The vicar, Alf Bloxby, had called in person to thank Agatha for her help. He made such a polite and formal speech that Agatha wryly thought that his wife had coached him in what to say.
John Armitage was often up in London and she saw little of him.
Then Bill Wong called round to tell Agatha that Miss Partle had gone completely mad and it was doubtful if she would ever stand trial.
“It was a visit from Binser that seems to have sent her over the edge,” said Bill. “He’d got her the best lawyer, but she kept asking to see him. I don’t know what was said, but after his visit, they had to put her in a strait-jacket. One always thinks of romantic people as suffering from undying passion, not plain, middle-aged secretaries.”
“Those gay photographs that Wilkes told me about, had Binser known anything about them?”
“No, evidently all he remembers is her asking him if he’d ever gone to a gay bar, and he was surprised, said no, and asked her why. She had responded with something non-committal. As for Jellop and Slither, their end was partly your fault, Agatha.”
“How come?”
“I think both of them were jealous of you and wanted to show they could be detectives as well. It’s very dangerous to keep things from the police. You should have told me about your suspicions, not gone to see her yourself. I mean, what on earth were you thinking of, going back with her to her house?”
“It was when I met her in the Portobello Market,” said Agatha. “She seemed so normal that I decided I must have been fantasizing.”
“But it was a leap in the dark to suspect her.”

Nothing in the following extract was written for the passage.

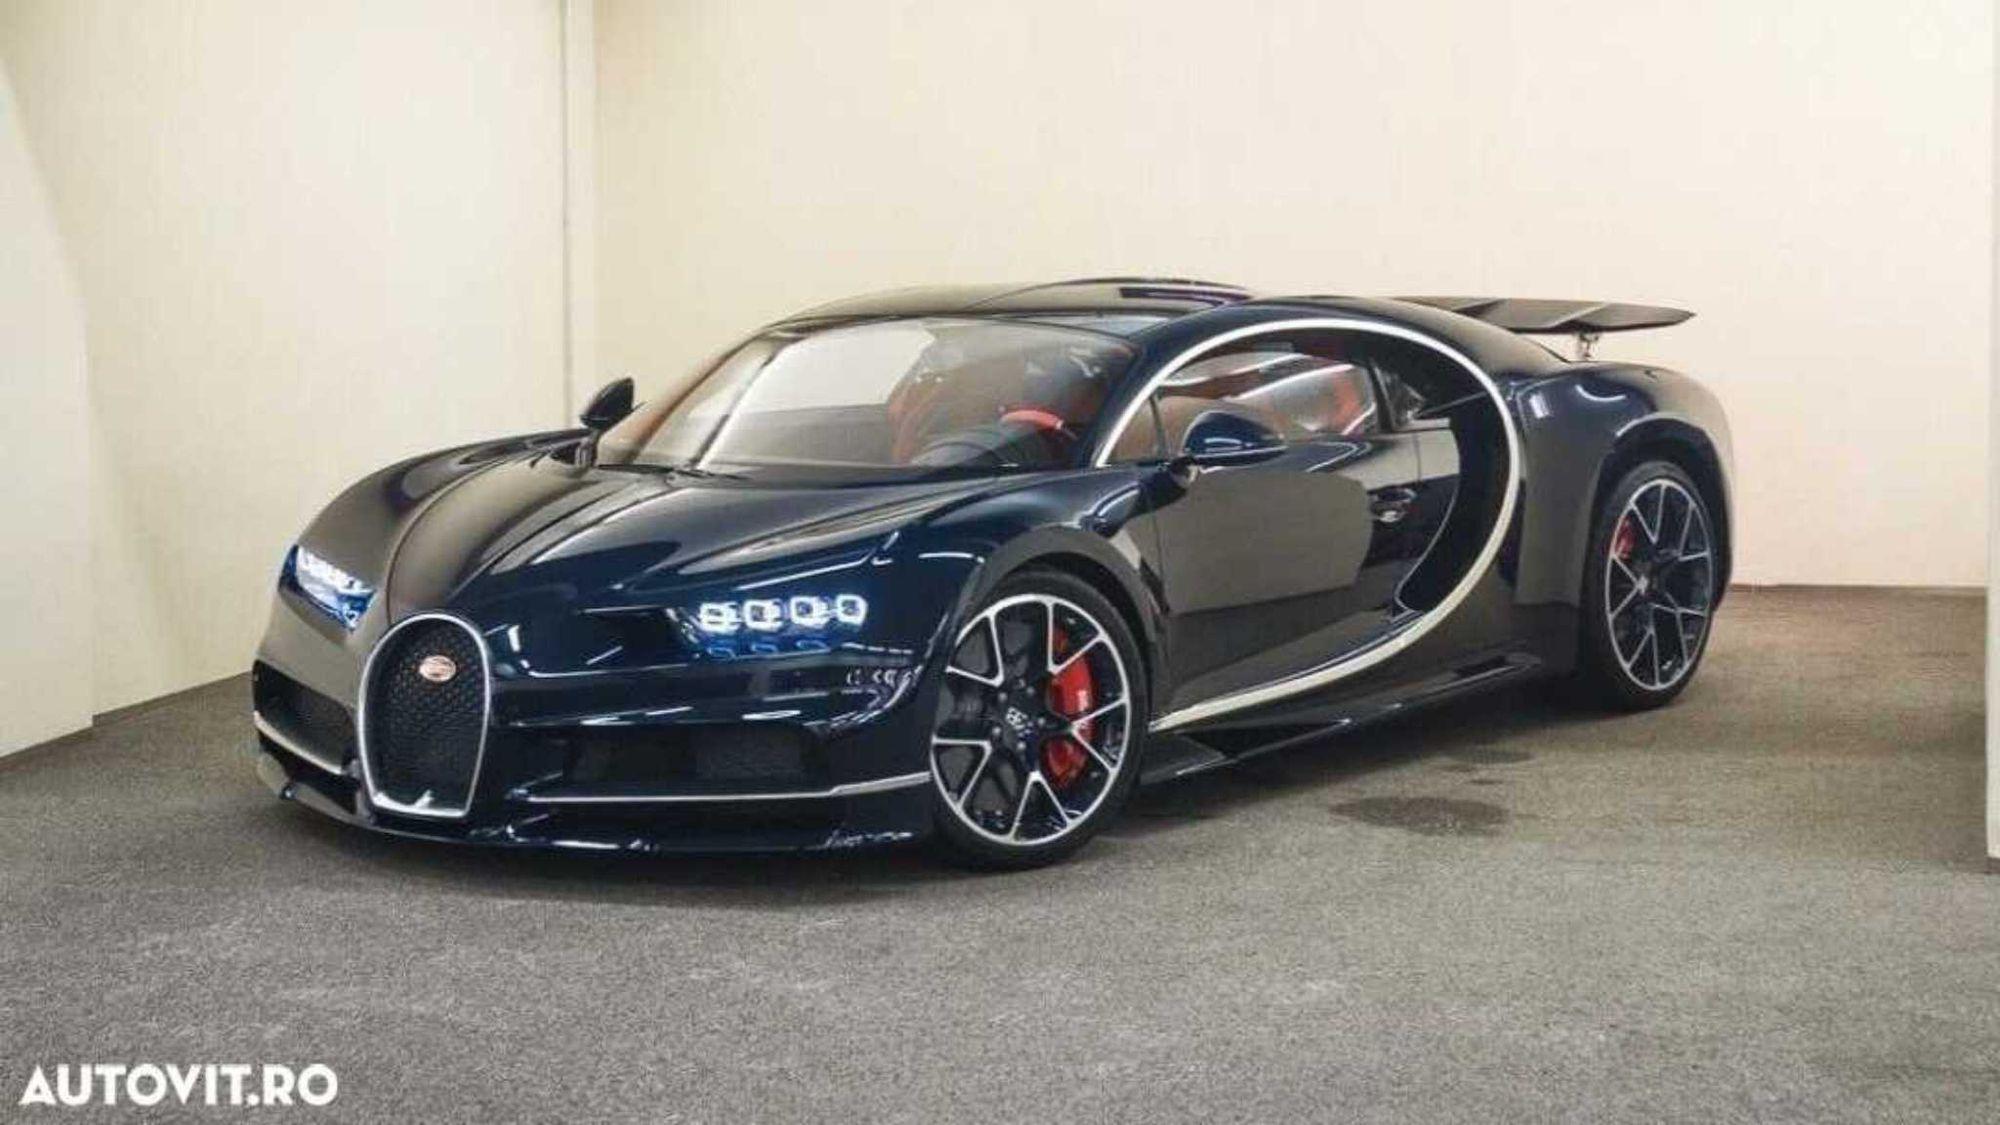 Ofertă second-hand în România: Bugatti Chiron. Atenție, prețul nu este mic!
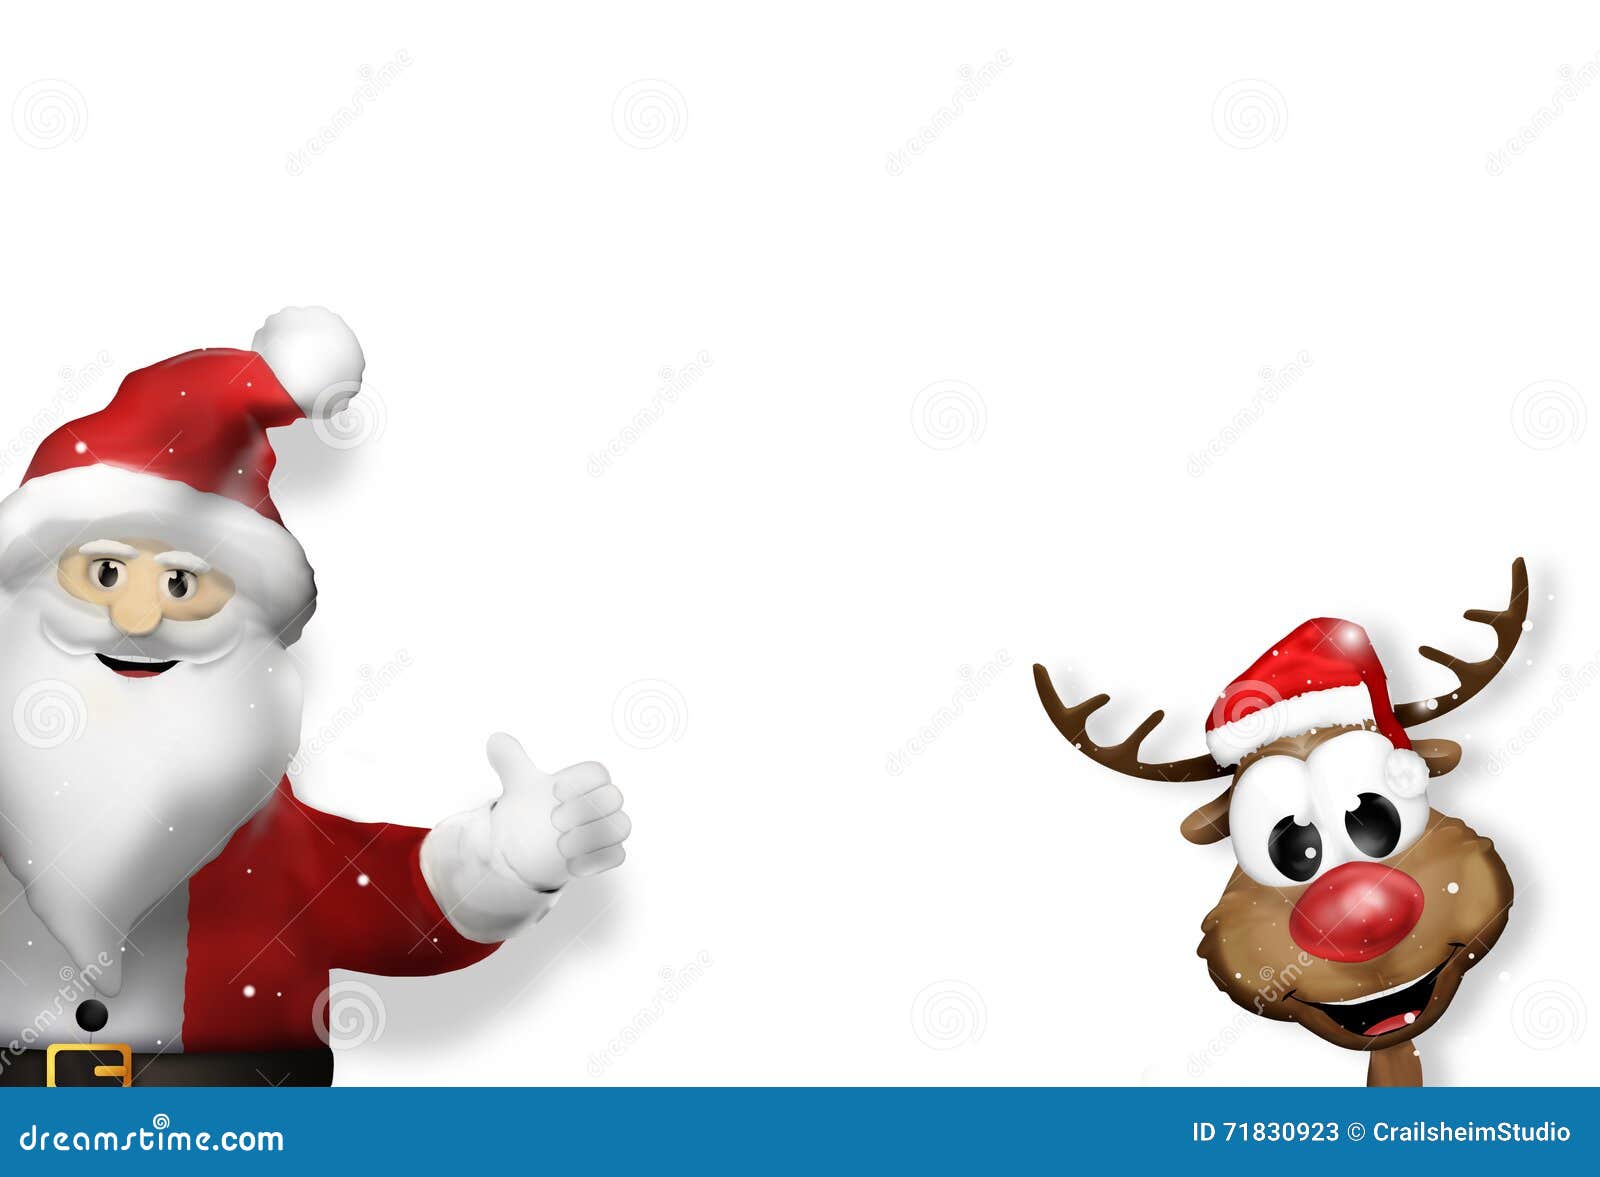 Babbo Natale 3d.Rosso D Angolo 3d Della Renna E Del Babbo Natale Illustrazione Di Stock Illustrazione Di Advertise Claus 71830923

“It was this secretary business,” said Agatha. “I was a secretary once. People think because of women’s lib that secretaries no longer make the coffee or things like that. But the top-flight go on more like wives. Some of them even choose schools for the boss’s children. There’s an intimacy springs up. Often boss and secretary work together late. Men like to talk about their work and secretaries make good listeners while wives at home get bored with it all. He probably saw Miss Partle as a cross between mother and helper. And she probably lived on romantic dreams of him. Tristan must have provided a brief holiday from her obsession until she found out that he had been using her. Then all her passion for Binser would return and engulf her.”